Disclaimer: I do not own any rights to Thor, nor am I making any money from these works of fiction.

Rated: T/PG-13.


11. Mourning

The skies were dark and dismal.

Rain poured down violently: bursting dams, flooding rivers, collapsing small structures, and turning the very earth into thick, cold mud.

Winds thrashed furiously: uprooting trees, breaking windows, and spreading debris across once beautiful landscapes.

Lightning flashed blindingly: setting hillsides ablaze, threatening any who dared look toward the heavens, and making the darkness in-between seem all the deeper.

Thunder roared threateningly: announcing the vivacity of the storm, deafening the populace to all other sounds, and frightening every soul who heard.

It was the same everywhere: across all borders, oceans, and even universes. No one in Midgard could explain it. No one in Nidavellir understood it. No one in Muspelheim even questioned it. No one in Jotunheim cared. No one in Asgard dared complain. None truly understood the depth of the storm, even those that knew the cause.

The God of Thunder was mourning his brother.


12. Broken

Thor stood at the shattered edge of the Bifrost and stared into the seemingly endless space ahead of him. Heimdall stood near, but was respectful of the young Asgardian's privacy and would not see or hear him unless he called out to him. Normally, Thor would ask about his friends on Midgard or ask of any news of his brother's fate.

Today, Thor did not want to speak. He did not want to think. His heart hurt in a way he had never experienced before and everyday the pain grew worse instead of healing.

It had all happened in such a short span of time; Thor did not understand how so much had changed…how they had changed. Yet here he stood, facing an unfathomable chasm that spanned between he and his brother, both figuratively and literally.

He missed Loki. Sif told him that he should not, that Loki had betrayed him and so deserved his fate. Volstagg said it was understandable, that Loki had been his brother long before he turned traitor and so he deserved to be mourned. Fandral said that Loki had been a fun companion and worthy ally and would be missed, but that such feelings faded in time. Hogan said no one should presume to judge what another should feel.

As much as Thor loved his friends, none of their words helped. He did not care whether his feelings were understandable, expected, justified, or inappropriate. He cared only that he had failed -and so lost- his only brother.

And Loki was his brother. Thor had not told his friends and trusted allies what Frigga had told him about Loki's origins. They would not understand that it changed nothing between the two men. Thor no longer cared about race or status…he could only hope that Loki -wherever he was- knew that.

The part that hurt the most was that Thor was pretty sure he did not. Thor had not known what had set his brother off during their final confrontation, and in retrospect, he realized that his actions and words probably made as little sense to Loki as Loki's had made to him at the time.

Thor's only hope was that Loki was so much more contemplative and prone to thinking things out than he was. If Thor had realized that the pieces did not fit and was able to learn enough to make sense of it all, than surely Loki would as well. True, Loki did not have anyone with him to explain the situation, but he was smart, sensitive, observant, resourceful…

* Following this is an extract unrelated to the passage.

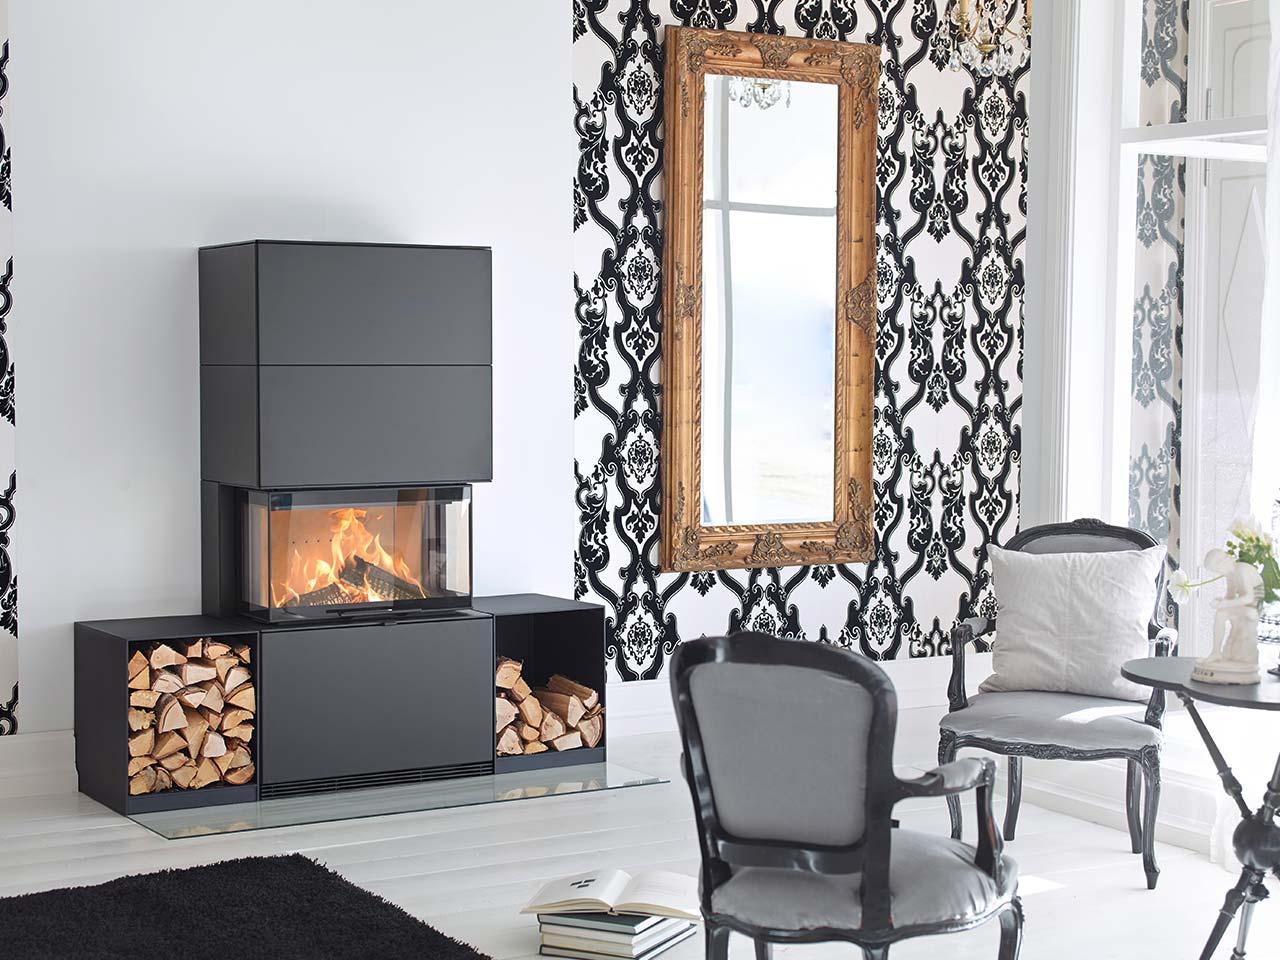 Kaminofen Contura i51 aus matt schwarzem Stahl mit seitlichem Stauraum

Loki had to understand that Thor would not despise him simply because he was a Frost Giant runt instead of Odin's true son. He had to know that Thor would still love him, that he would forgive him. Thor was sure tat Loki would forgive him, if only they could speak to each other as they once did.

The look in Loki's eyes as he fell and the fact that Heimdall saw nothing of the God of Mischief since then did not bode well. Even their parents (Thor refused to think of them as his only, despite what Odin claimed) had accepted Loki's demise; Frigga mourned openly, Odin silently. The other Asgardians acknowledged the loss of the younger prince accordingly (none were aware of Loki's origins or the lapse into madness the knowledge of it had caused) and every warrior who had fought beside him drank to his memory. Even Heimdall seemed to mourn in his own introverted fashion.

Thor could not let go so easily. There was too much weighing on his mind and heart; too many questions left unanswered and words left unspoken. A confused battle in which neither opponent knew what they were fighting against or for should not be the last memory left between brothers.

With the Bifrost broken, there was no way to seek Loki out; no way to find answers; no way to make things right.

Thor was beginning to understand that the bridge was not the only thing he had broken.